The Journal of ERW and Mine Action is a print and online magazine for the global landmine, ERW and post-conflict community. It is published three times a year; the print magazine has a circulation of 1,500, two-thirds outside the US, and the online site receives 135,000 views annually. The journal contains editorials, articles, reports, reviews, profiles dealing with current practices, new equipment and techniques, procedures, lessons learned and newsworthy information. The Journal is written by field experts along with in-house contributions, and is funded by contracts from the United States Department of State's Bureau of Political-Military Affairs, and the United States Department of Defense's Night Vision and Electronic Sensors Directorate.

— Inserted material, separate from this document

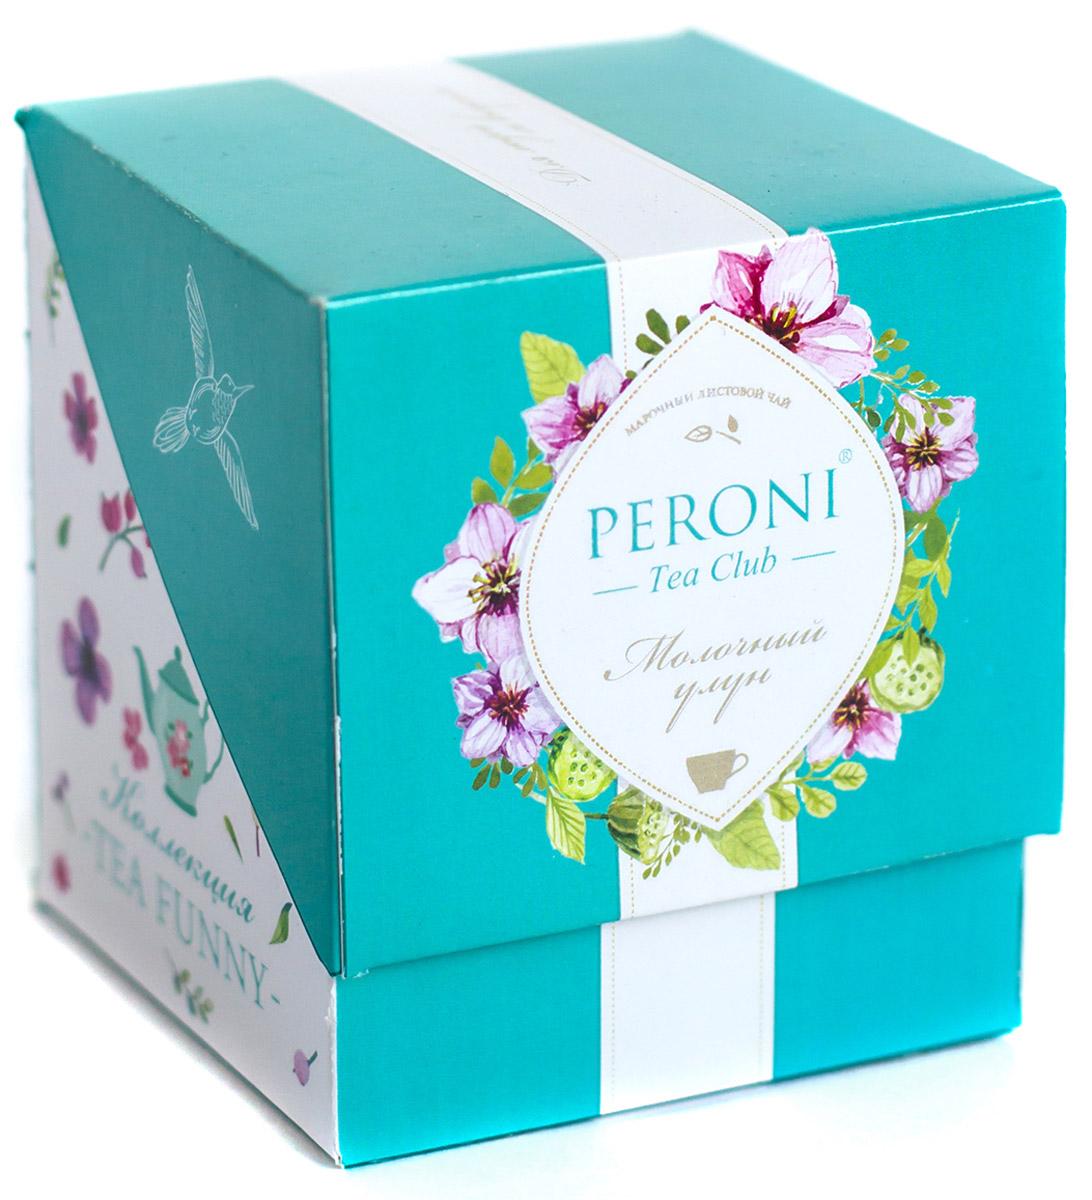 Peroni Tea Funny Молочный улун черный листовой чай, 60 г новогодний набор rose романтика и страсть макси peroni

The Journal of Conventional Weapons Destruction is currently suspended due to loss of funding (as of 2025), and CISR is actively seeking $300,000 in new support to resume publication.

==Peer Support==
“Pathways to Resilience” (P2R) is a regional leadership and training program for survivors of landmines and explosive ordnance injuries. The program's purpose is to develop self-confidence, emotional and physical health and life direction for landmine survivors while empowering them to help other survivors in their country of origin. The first P2R program hosted 29 landmine survivors for a week-long peer-support program in Hamama, Lebanon from May 8–15, 2011.

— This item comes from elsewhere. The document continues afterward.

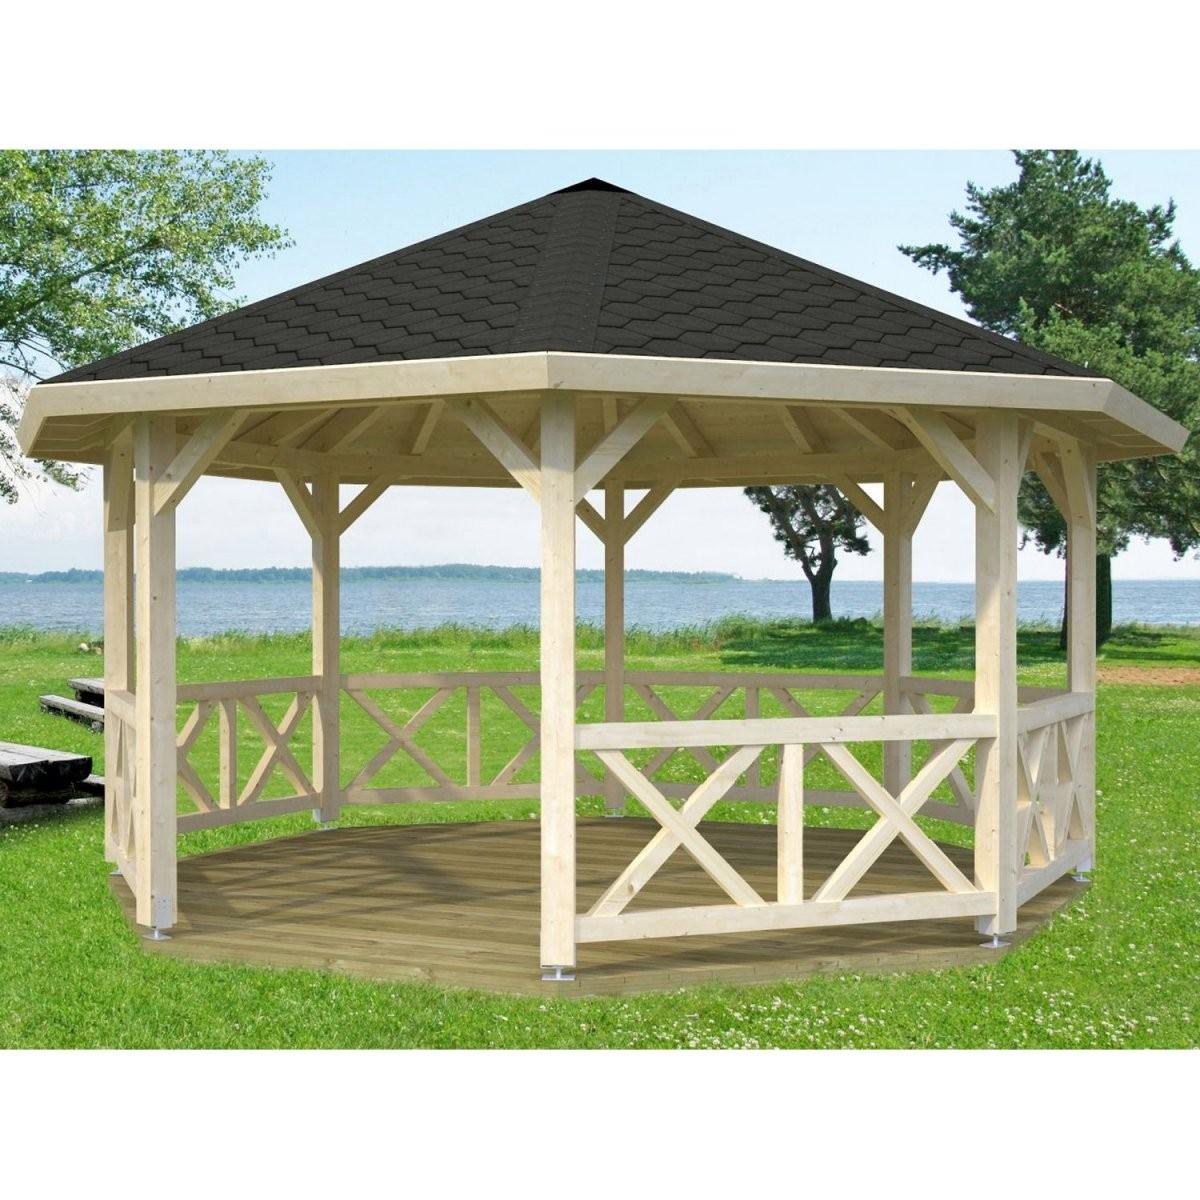 Gartenlauben  Holzpavillons Online Kaufen Bei Obi  Obi von Pavillon 8 Eckig Holz Bauanleitung Photo

CISR continues to expand its P2R model, identifying global needs and aspiring to replicate these workshops in additional conflict‑affected regions.

==Management training==

CISR, working in close collaboration with faculty from JMU's College of Business (COB), specializes in management training for leaders in mine action around the world. The Senior Managers’ Course in ERW and Mine Action seeks to integrate the latest thinking in the field of business management with the practical experience of ERW/mine action operators. The goal is to hone the skills of senior managers of national ERW and mine action programs so that countries can more effectively and efficiently clear their lands of landmines and other explosive remnants of war that adversely affect their citizens' well-being and impinge upon economic development. Between 2004 and 2013, CISR hosted nine courses on the campus of JMU with 172 participants from 40 countries.

CISR has also conducted regional training courses in Jordan, Colombia, Peru, and Tajikistan, where it held a training program in May 2014.

==Global Mine Action Registry==
The Global Mine Action Registry is a resource database of contact information on hundreds of mine-action organizations.